Namun, sebelum mereka bisa mendekat lebih jauh, sebuah suara tawa dingin tiba-tiba menggema di dalam kuil. "Akhirnya… kalian membawaku ke sini," kata suara itu, penuh kebencian.
Dari balik bayang-bayang, sosok Xue Long muncul, cambuk berdurinya berkilau di bawah cahaya redup. Di belakangnya, puluhan murid Sekte Naga Darah melangkah keluar, senjata mereka terhunus. "Kalian pikir kalian bisa menyelinap ke Puncak Terlarang tanpa kami ketahui? Kami sudah mengikuti kalian sejak kalian meninggalkan sekte!"
Li Qing langsung mengangkat pedangnya, matanya penuh amarah. "Xue Long! Jadi ini rencanamu—menggunakan kami untuk menemukan relik ini?!"
Xue Long tersenyum licik, cambuknya berderit saat ia mengayunkannya ke udara. "Tepat sekali. Sekarang, serahkan relik itu, atau kalian bertiga akan mati di sini!"
Pertarungan pun pecah. Li Qing melesat ke depan, pedangnya berubah menjadi bayangan perak yang mematikan, menyerang Xue Long langsung. Zhao Yan berputar cepat, tombaknya menciptakan angin puyuh yang menghalau murid-murid Sekte Naga Darah, sementara Liang Shu mengeluarkan gulungan mantranya, melepaskan petir yang menyambar musuh-musuh di sekitar.
Namun, jumlah musuh terlalu banyak. Meski Tujuh Pedang Awan Suci adalah petarung hebat, mereka mulai terdesak. Xue Long, dengan cambuk berdurinya, berhasil melukai Zhao Yan di kaki, membuatnya terjatuh dengan mengerang kesakitan. Li Qing mencoba melindungi adiknya, tapi sebuah serangan dari samping mengenai lengannya, membuat darah mengalir deras.
"Kalian tak akan bisa menang!" teriak Xue Long, suaranya penuh kemenangan. "Serahkan relik itu, atau kalian semua akan mati!"
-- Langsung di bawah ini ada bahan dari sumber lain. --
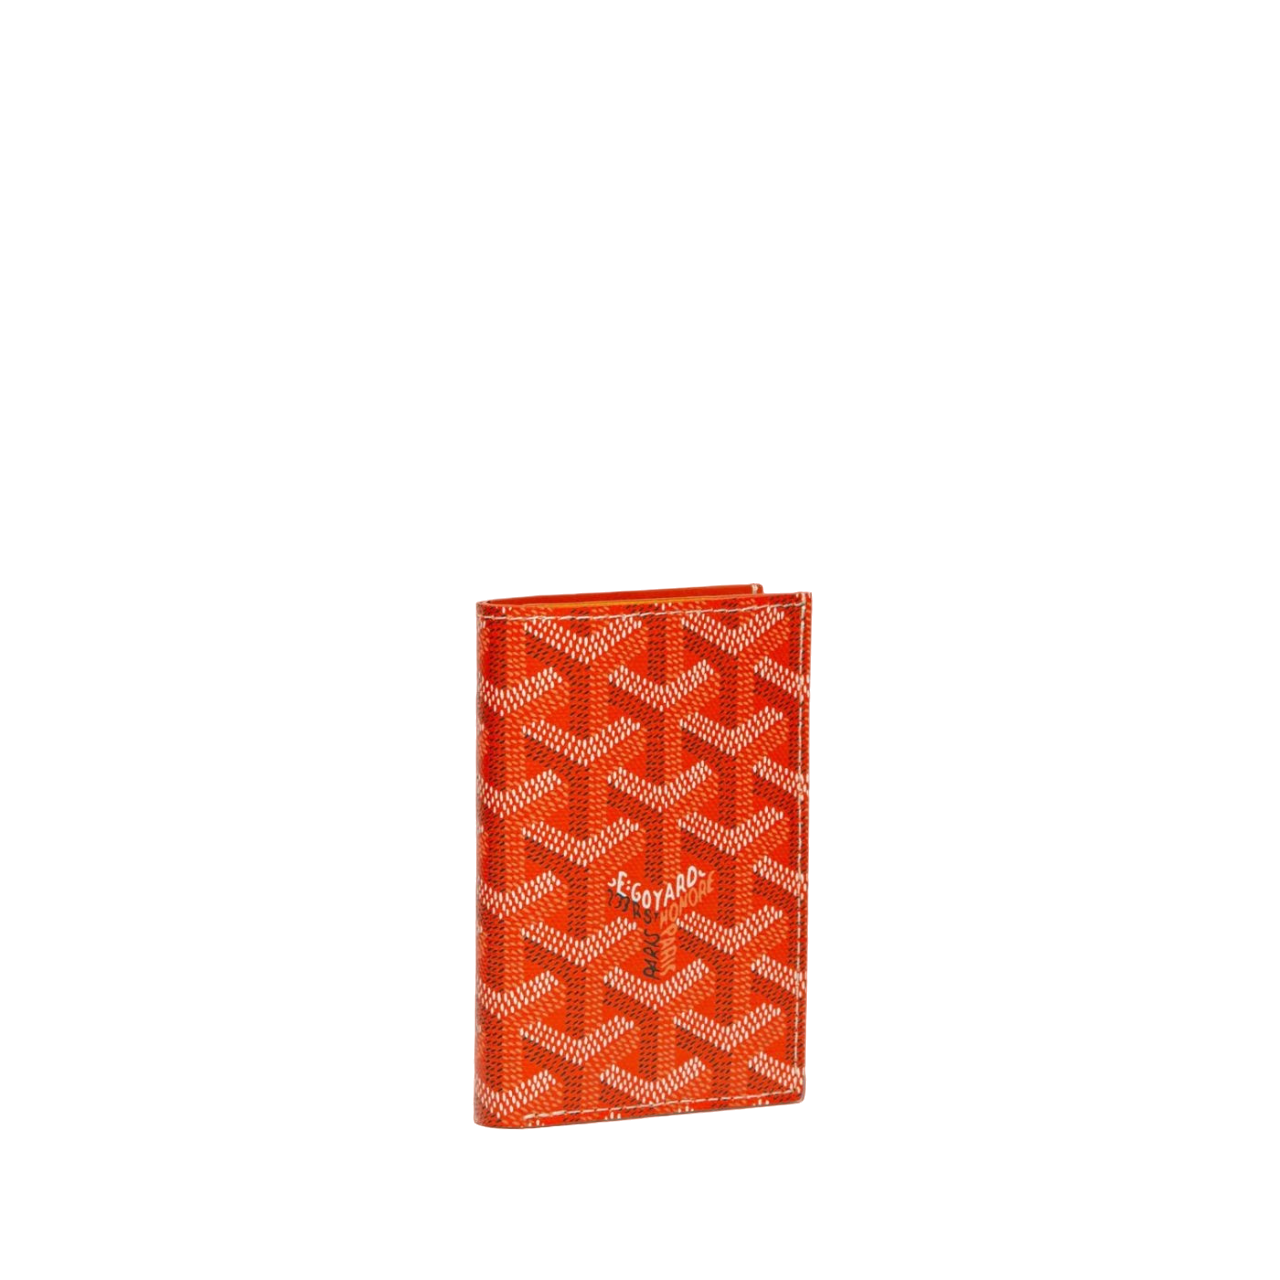 Goyard Saint Pierre Card Holder “Orange”

Di tengah pertempuran, Liang Shu, yang masih berdiri di dekat altar, tiba-tiba merasakan sesuatu. Bola kristal merah itu mulai bergetar, memancarkan cahaya yang semakin terang. Tiba-tiba, sebuah suara lembut terdengar di kepalanya, seolah berbisik dari dalam relik itu. "Hanya yang berhati murni… hanya yang berhati murni…"
Liang Shu menoleh ke arah Li Qing dan Zhao Yan, matanya penuh tekad. "Kakak Sulung, Kakak Kedua, kita harus membawa relik ini pergi! Aku punya rencana!"
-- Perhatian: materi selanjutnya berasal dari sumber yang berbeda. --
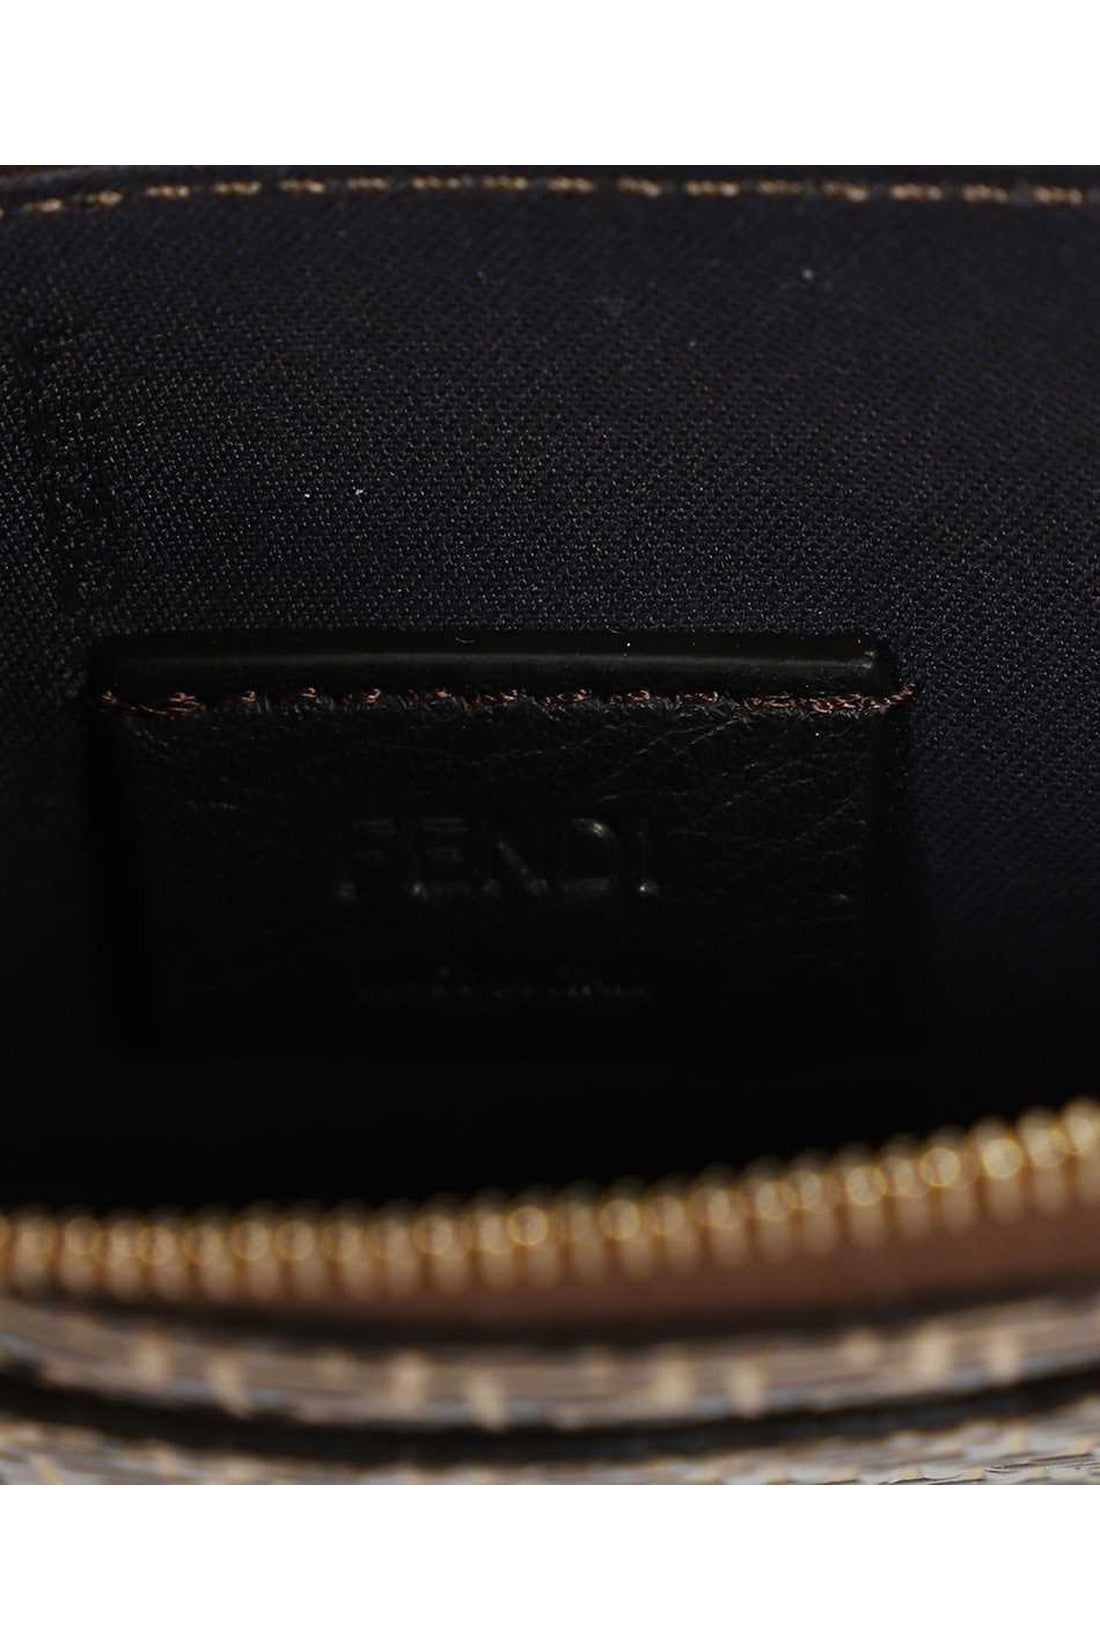 Fendi-OUTLET-SALE-Logo detail leather card holder-ARCHIVIST

Dengan gerakan cepat, Liang Shu meraih bola kristal itu, meski tangannya terbakar oleh panas yang dipancarkan relik tersebut. Ia lalu melemparkan gulungan mantra terkuatnya, menciptakan ledakan besar yang mengguncang kuil dan membuat Xue Long serta anak buahnya terpental. "Cepat, lari!" teriaknya.
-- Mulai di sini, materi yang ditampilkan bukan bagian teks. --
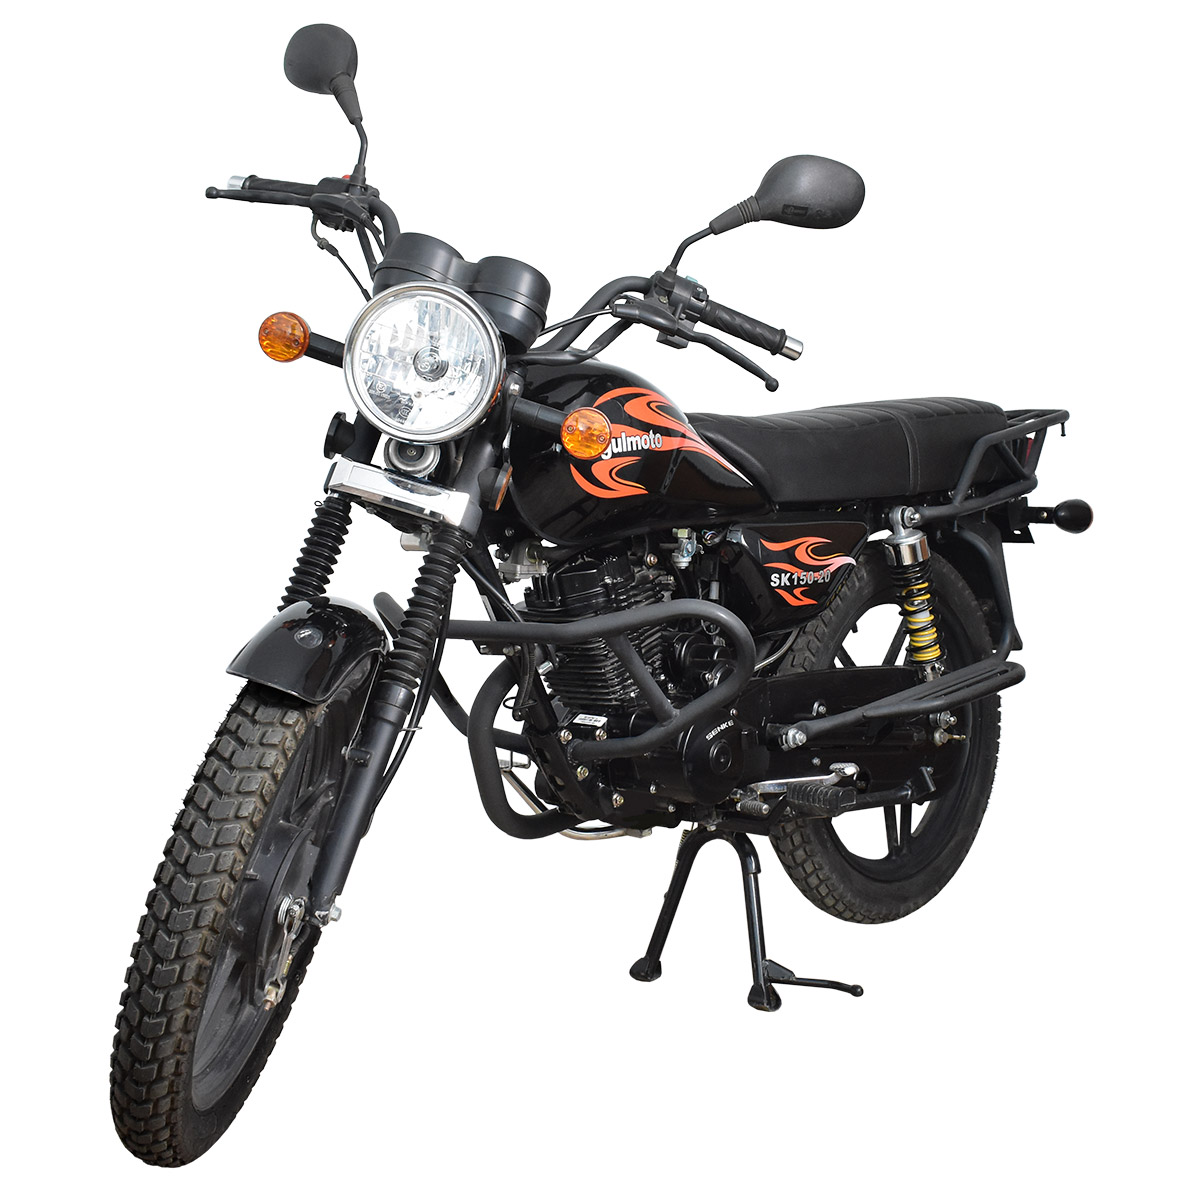 картинка Мотоцикл Regulmoto SK150-20 | Moped24

Li Qing dan Zhao Yan, meski terluka, segera bergerak, mengikuti Liang Shu keluar dari kuil. Mereka melarikan diri melalui lorong-lorong sempit, kabut Puncak Terlarang menutupi jejak mereka. Xue Long, yang terluka akibat ledakan, hanya bisa menggeram penuh amarah. "Kalian tak akan bisa kabur selamanya! Relik itu milik Sekte Naga Darah!"
Sementara itu, di Puncak Awan Suci, Wei Chen tiba-tiba merasakan hawa aneh di udara. Ia menatap ke arah langit, hatinya dipenuhi firasat buruk. "Kakak Sulung… Kakak Kedua… Kakak Kelima… kalian harus selamat," gumamnya, tangannya mengepal erat.
Malam itu, sebuah bayang-bayang gelap mulai menyelimuti Pegunungan Seribu Awan, seolah meramalkan badai besar yang akan segera datang.